For its first lead investment, Mark Zuckerberg and Dr. Priscilla Chan’s social issues-minded fund is looking to help startup Andela train more engineers in Africa to get tech jobs.
The Chan Zuckerberg Initiative is leading a new $24 million Series B round of funding into Andela, the first lead investment for the fund set up by Facebook’s billionaire founder and his wife, a trained pediatrician, last year. Venture firm GV joined the round, alongside existing investors Spark Capital, Omidyar Network, Learn Capital and CRE Ventures.
Andela has trained just under 200 engineers in its two years in operation, accepting them from a pool of 40,000 applicants and giving them six months of intensive training before sending them to spend two weeks at technology partners. After that, the Andela developers sign on to those companies full-time, working out of Andela campuses it operates in Lagos and Nairobi.

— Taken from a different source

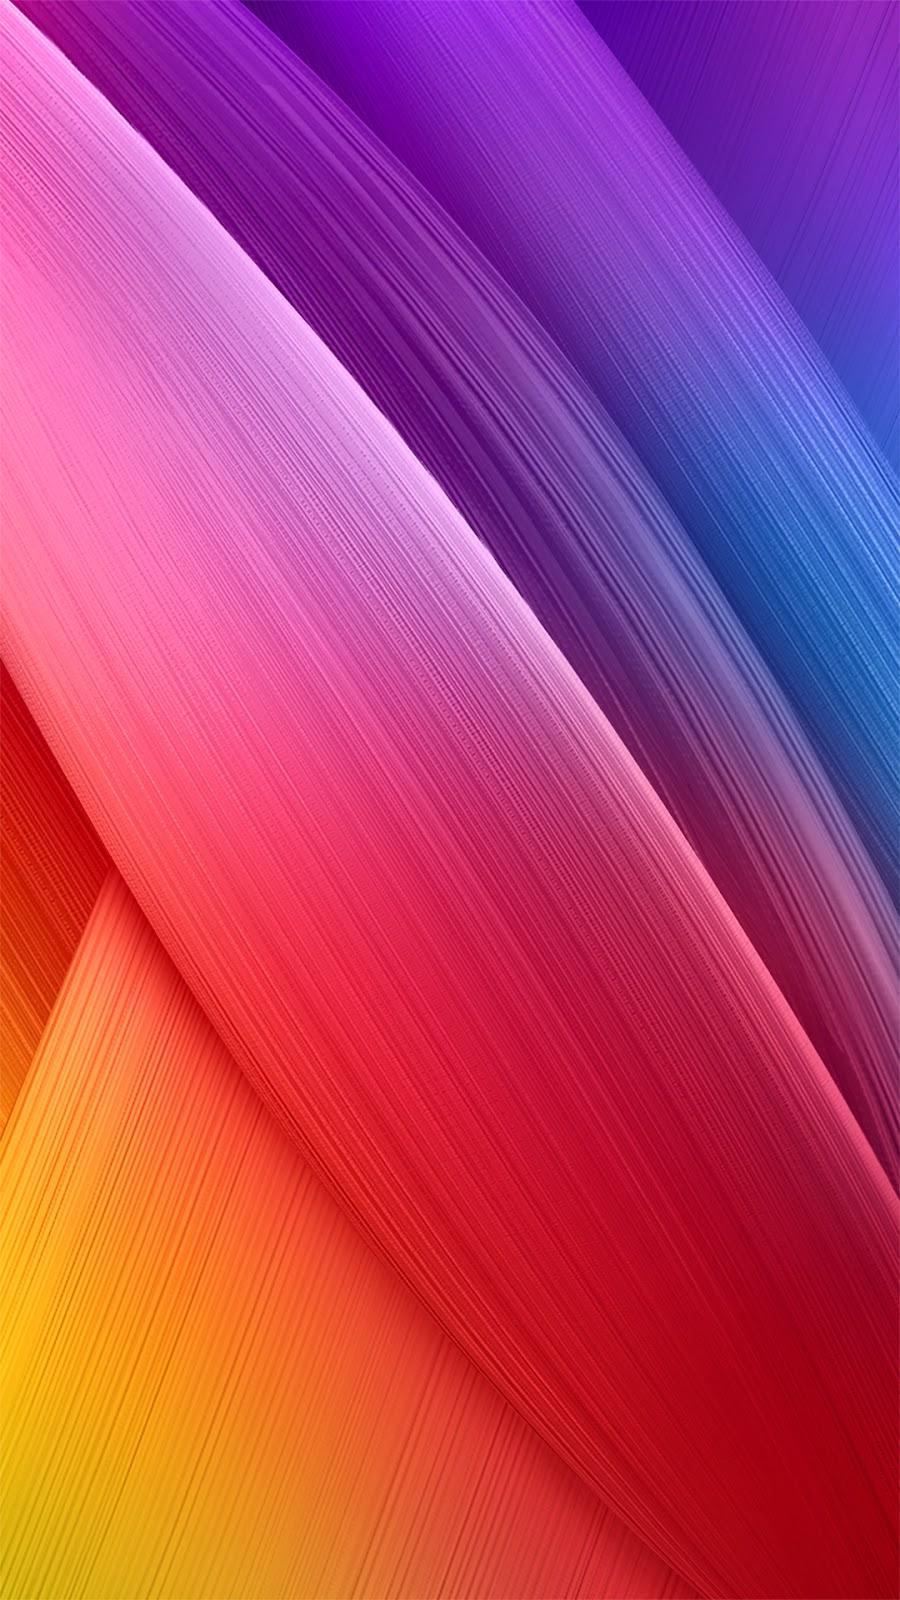 49 ] Asus Zenfone 2 Wallpaper On WallpaperSafari
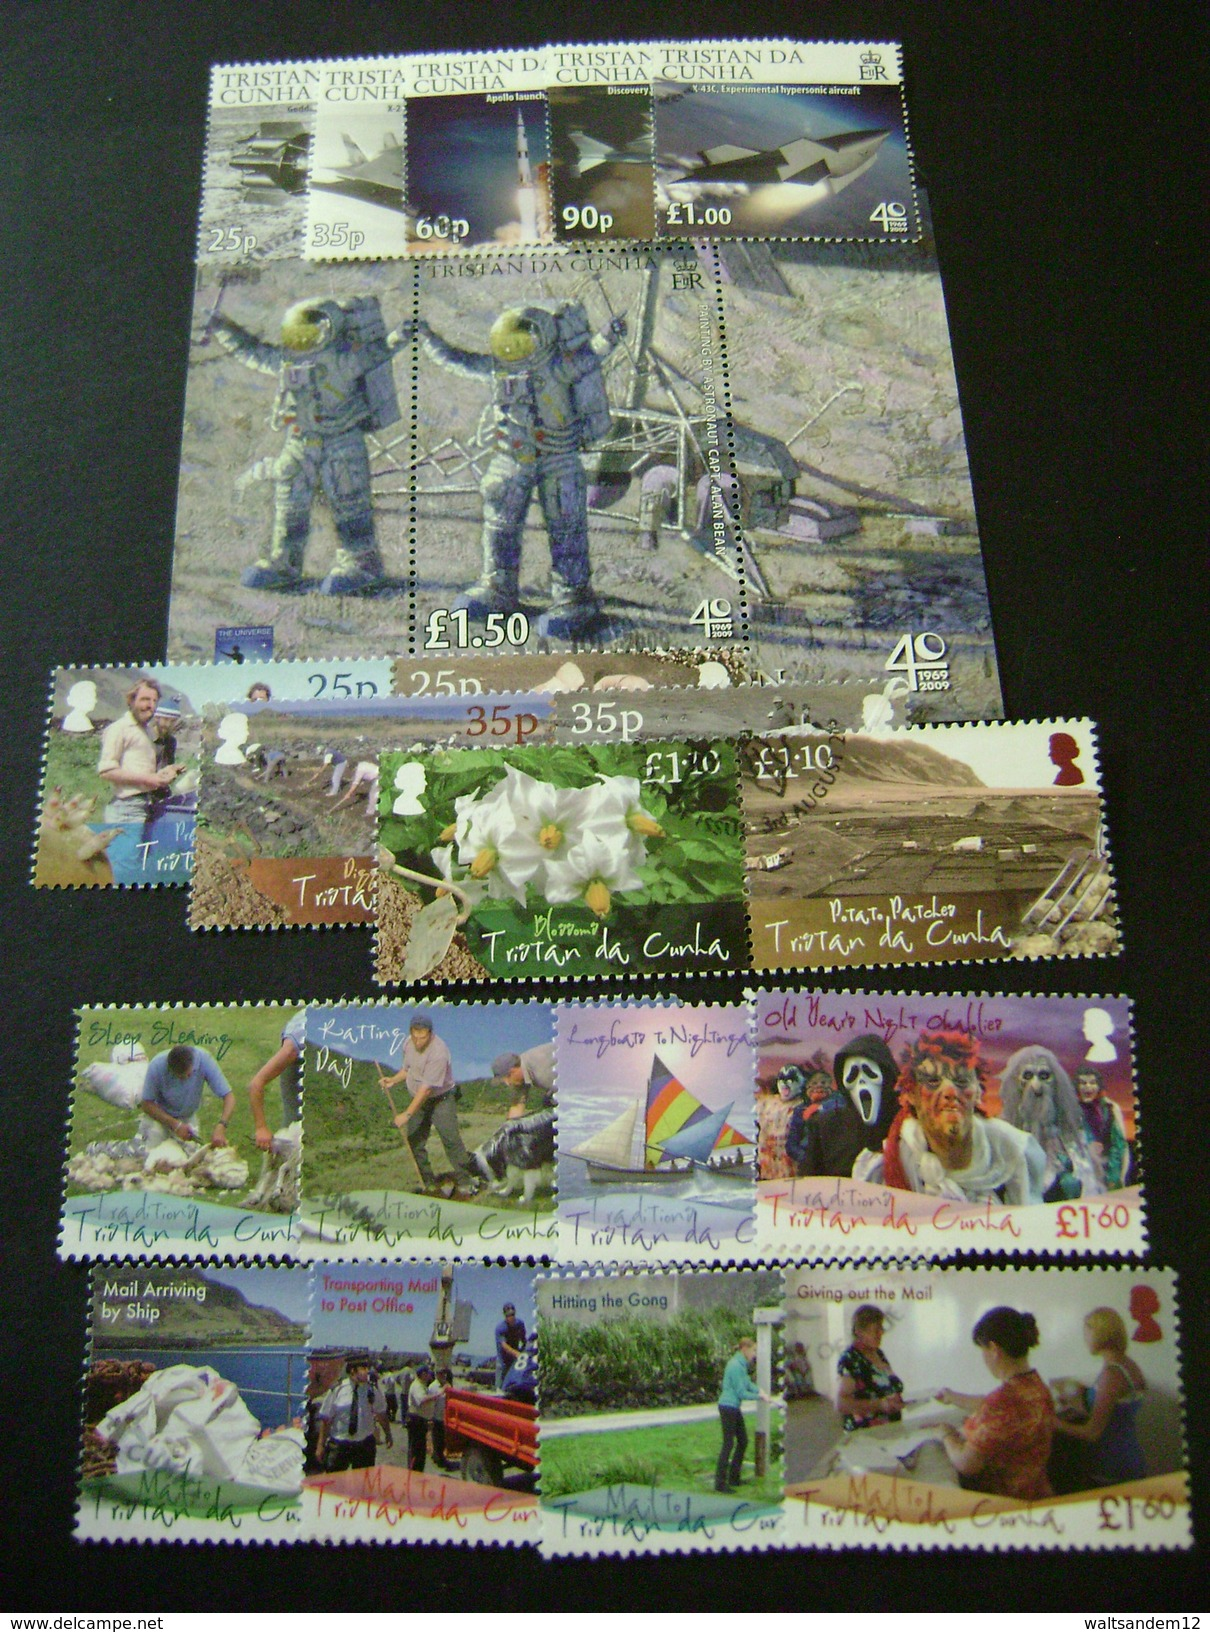 Tristan Da Cunha 2009 Commemorative Issues - Used - Tristan Da Cunha

“The goal is to cultivate a next generation of founders and CTOs of great companies across Africa,” says CEO Jeremy Johnson, who made the Forbes 30 Under 30 list in 2012for a previous startup, 2U and cofounded Andela with Iyin Aboyeji, who remains based in Nigeria, in 2014.
Andela wasn’t looking to raise the money just yet, says Johnson, but after meeting the CZI team at an event hosted by the startup’s previous investors at Learn Capital, Johnson met directly with Zuckerberg. “My first thought was, how seriously is he really taking this, and how much do he and Priscilla really care?” says Johnson.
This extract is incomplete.